Storage time greater than 3 months: 22 to 28°C
Charging ambient temperature: 0 to 40°C
Battery charging and discharging
Smart batteries feature automatic power-off when fully charged and automatic discharge during storage, saving considerable hassle. However, since the battery material remains unchanged, manual full charge and discharge cycles are still required to calibrate the battery's charge level. It is recommended to perform a full charge and discharge cycle of 10-20 times, allowing the battery to cool down before fully charging it (remember not to completely discharge the battery and then leave it unused, as this will damage the battery cells). A fully charged battery at 80% after discharge can be stored for extended periods.

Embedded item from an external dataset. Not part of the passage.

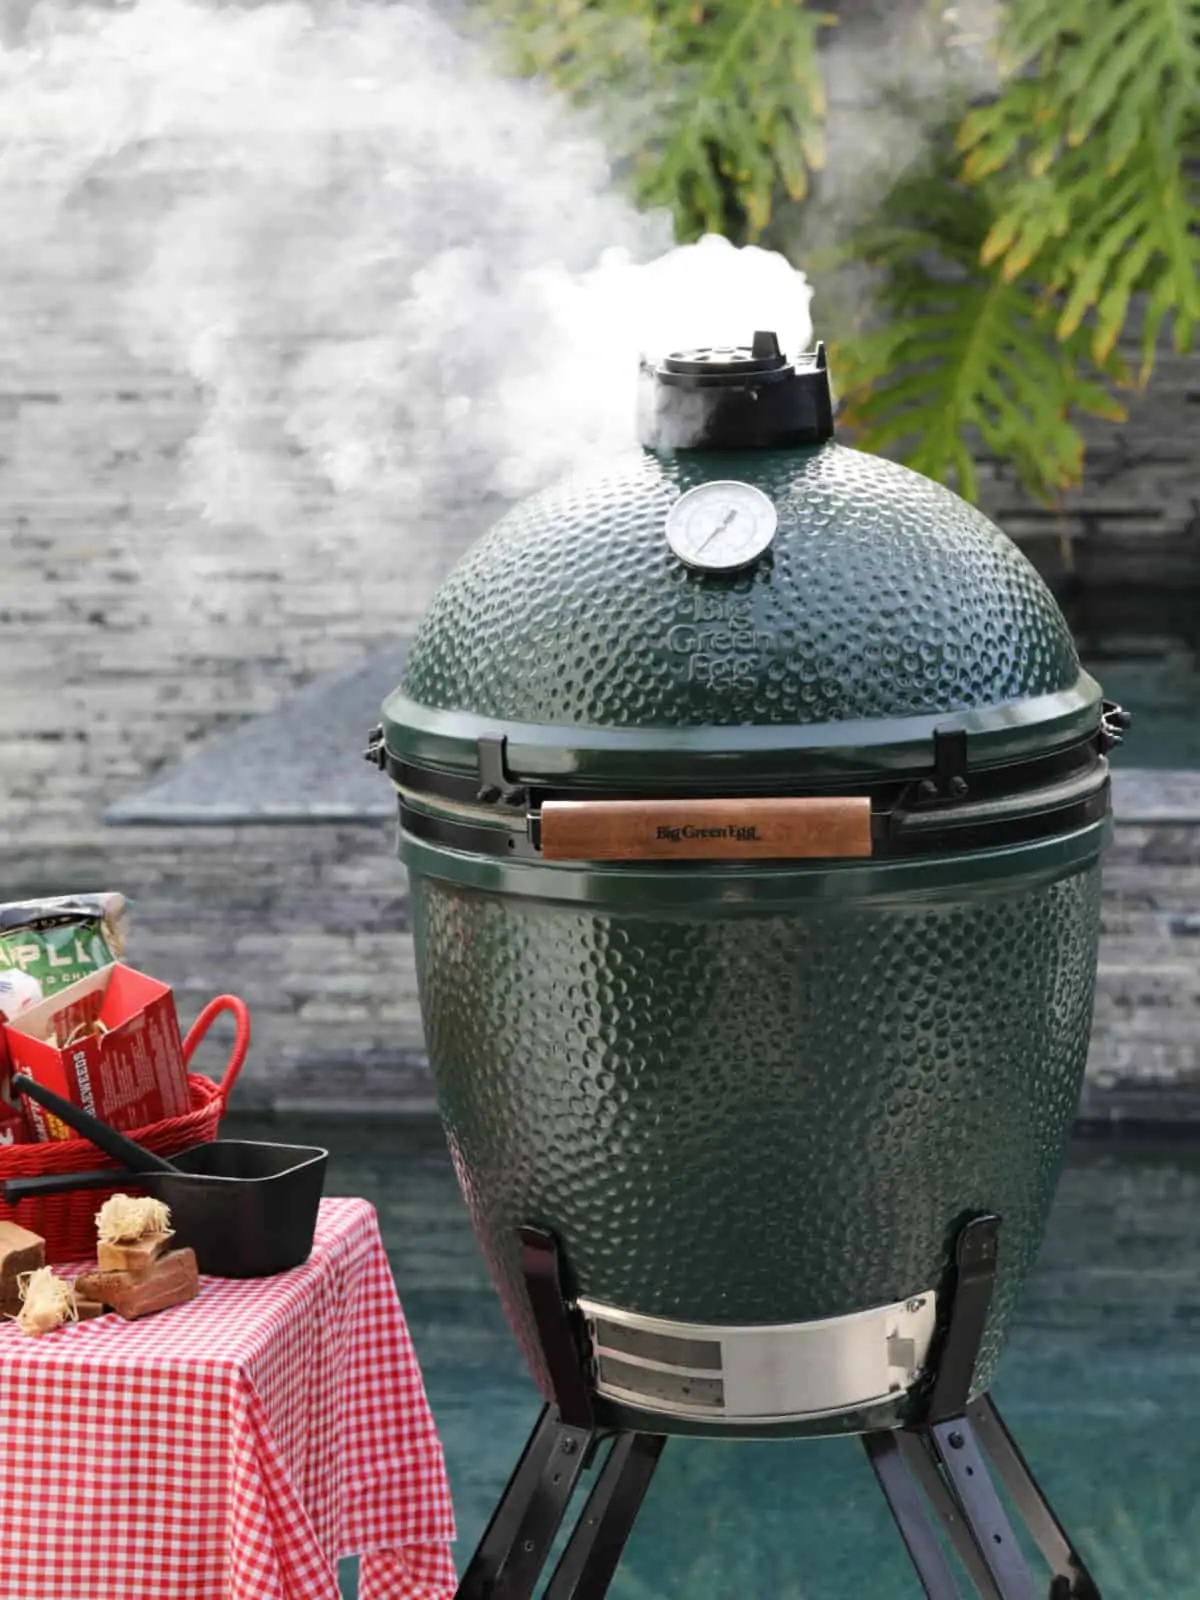 Smoke coming out of the top of a Big Green Egg smoker by a pool.

Daily usage precautions for smart batteries
Before each flight, check the battery level and try to take off with a full charge. Estimate the wind speed at your flight path before takeoff, as wind strength directly affects aircraft power. Stronger winds will cause the aircraft to generate additional power to counteract the wind, leading to faster battery consumption. High-G maneuvers, rapid ascents and descents, or extremely high speeds will all accelerate battery drain; don't blindly trust the battery's power indicator. When flying in high-altitude areas, near lakes, or in mountainous regions, plan your battery usage according to your flight route; relying solely on the battery's return-to-home indicator may be too late. Finally, I wish you all a smooth and safe flight!